It was six years ago that my Neon last completed a NASA race. In the time since, I’ve raced everything from the 24 Hours of Lemons to Grand-Am Koni Challenge, won a ChumpCar race, won an AER race, won a NASA race in another car, and completed well over one hundred days on-track in other cars. Last year, I dragged the Neon out of the garage and spent a fairly troubling amount of money and time to qualify for, but not start, a NASA event at Mid-Ohio.
My goal for this weekend was to finish a race, even if we couldn’t impress anyone with our pace. Well, consider that goal met.

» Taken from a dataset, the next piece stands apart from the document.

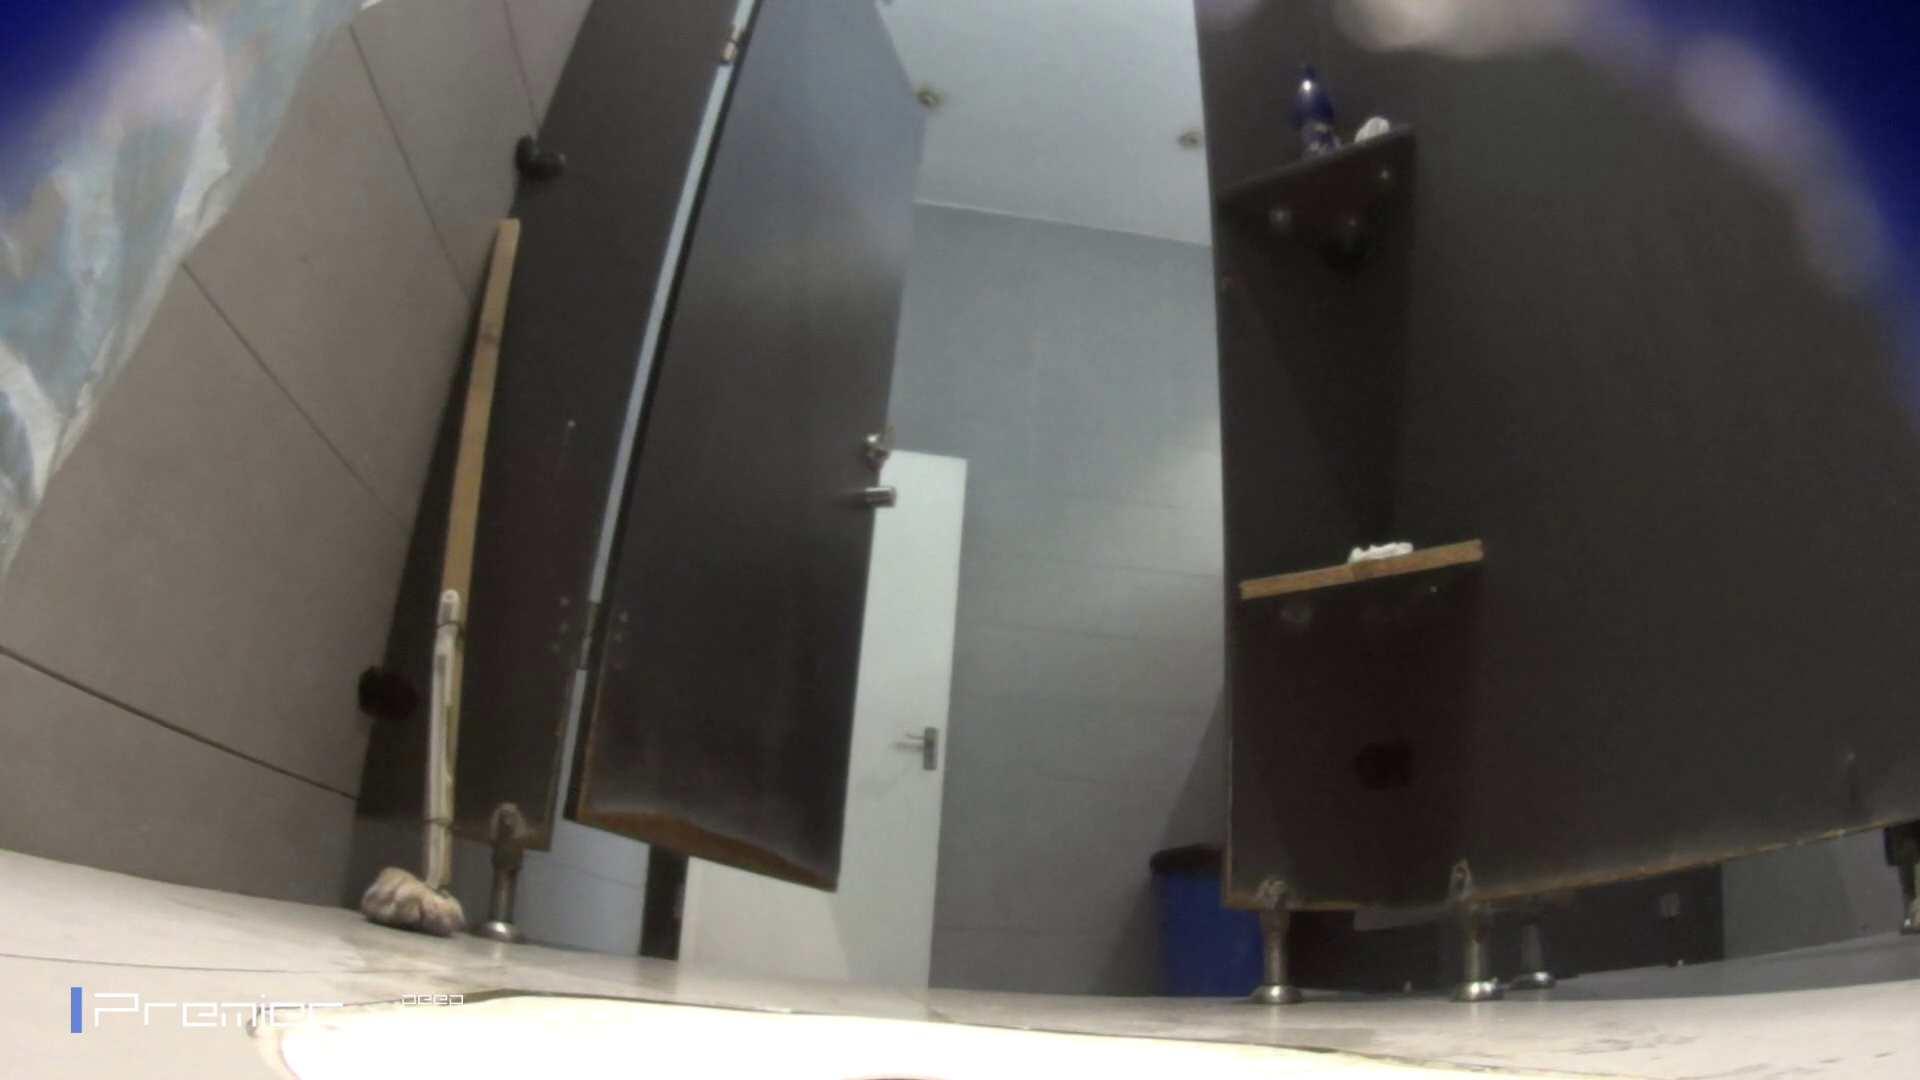 フロントから丸見え! 大学休憩時間の洗面所事情60 美肌 濡れ場動画紹介 96枚 60

My three-man pit crew of Dan, Jon, and my son John wasn’t able to get the car ready in time for the warm-up, and we didn’t complete a full lap in qualifying, meaning that we started at the back of our six-car field. At the green flag, I fell back immediately as the engine cut out repeatedly around 5000rpm, causing me to yield to a bunch of 944 Spec racers as well as the fastest of the Spec Miatas. After discerning that I was running in last place, my son refused to speak to me on the radio.
After knocking some of the accumulated crust off my Toyo 888 tires (date-stamped 2007), I managed to catch up to a red and white 944 and make a pass. “Congratulations, Daddy!” John told me. After fourteen laps, they threw the checker. We finished 5th of 6 in class, and 45th of 60 overall. I don’t think I’ve ever finished a NASA race that far behind the leaders. Still, it’s a finish. My fast lap of 1:48.6 was a full five seconds behind the best lap posted by the winning car. However, the data shows that our new engine is stronger than the old one up to 5000rpm. Problem is, I need 7000rpm to win something.
The team’s working right now to track down the cause of the cutting out. I’m going to get some rest and try to find some time in my cornering data. Tomorrow is another day — but having a race in the books after six years is worth celebrating.